Tripathy Shreejoy J, Toker Lilah, Li Brenna, Crichlow Cindy-Lee, Tebaykin Dmitry, Mancarci B Ogan, Pavlidis Paul
Michael Smith Laboratories and Department of Psychiatry, University of British Columbia, Vancouver, BC, Canada.
PLoS Comput Biol. 2017 Oct 25;13(10):e1005814. doi: 10.1371/journal.pcbi.1005814. eCollection 2017 Oct.
How neuronal diversity emerges from complex patterns of gene expression remains poorly understood. Here we present an approach to understand electrophysiological diversity through gene expression by integrating pooled- and single-cell transcriptomics with intracellular electrophysiology. Using neuroinformatics methods, we compiled a brain-wide dataset of 34 neuron types with paired gene expression and intrinsic electrophysiological features from publically accessible sources, the largest such collection to date. We identified 420 genes whose expression levels significantly correlated with variability in one or more of 11 physiological parameters. We next trained statistical models to infer cellular features from multivariate gene expression patterns. Such models were predictive of gene-electrophysiological relationships in an independent collection of 12 visual cortex cell types from the Allen Institute, suggesting that these correlations might reflect general principles relating expression patterns to phenotypic diversity across very different cell types. Many associations reported here have the potential to provide new insights into how neurons generate functional diversity, and correlations of ion channel genes like Gabrd and Scn1a (Nav1.1) with resting potential and spiking frequency are consistent with known causal mechanisms. Our work highlights the promise and inherent challenges in using cell type-specific transcriptomics to understand the mechanistic origins of neuronal diversity.

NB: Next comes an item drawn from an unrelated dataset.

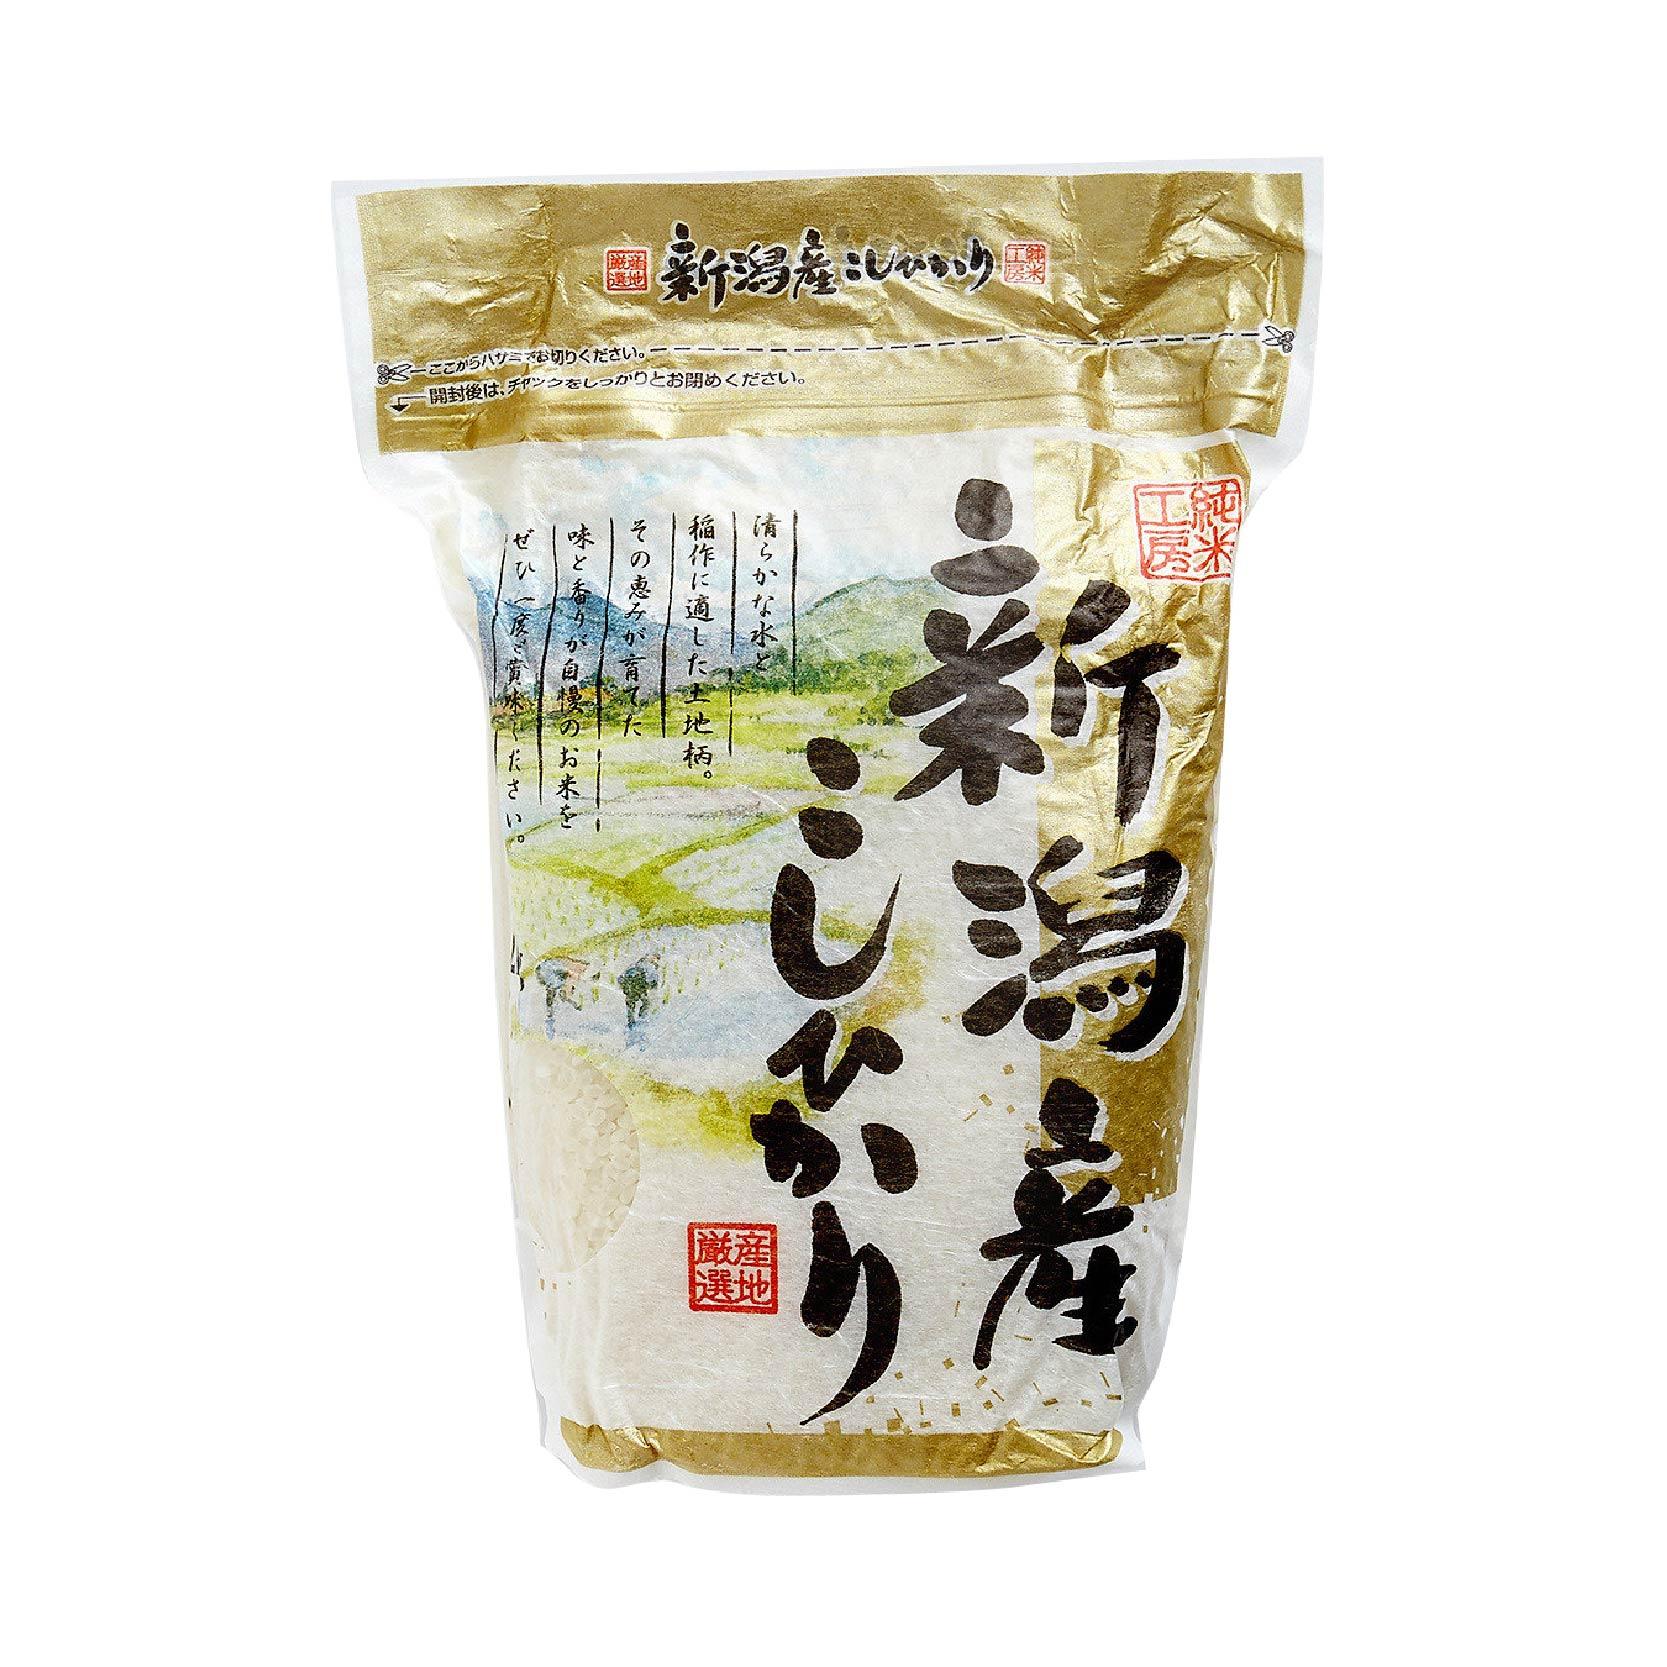 日本純米工房新潟產越之光米 2 公斤

神经元多样性如何从复杂的基因表达模式中产生,目前仍知之甚少。在此,我们提出一种方法,通过将汇集式和单细胞转录组学与细胞内电生理学相结合,从基因表达的角度来理解电生理多样性。利用神经信息学方法,我们从公开可用的资源中汇编了一个涵盖全脑的数据集,其中包含34种神经元类型及其配对的基因表达和内在电生理特征,这是迄今为止最大的此类数据集。我们鉴定出420个基因,其表达水平与11个生理参数中的一个或多个参数的变异性显著相关。接下来,我们训练统计模型,以便从多变量基因表达模式中推断细胞特征。这些模型能够预测来自艾伦脑科学研究所的12种视觉皮层细胞类型的独立数据集中的基因 - 电生理关系,这表明这些相关性可能反映了跨越非常不同细胞类型的表达模式与表型多样性之间的一般原则。本文报道的许多关联有可能为神经元如何产生功能多样性提供新的见解,并且离子通道基因如Gabrd和Scn1a(Nav1.1)与静息电位和放电频率的相关性与已知的因果机制一致。我们的工作凸显了利用细胞类型特异性转录组学来理解神经元多样性的机制起源所具有的前景和内在挑战。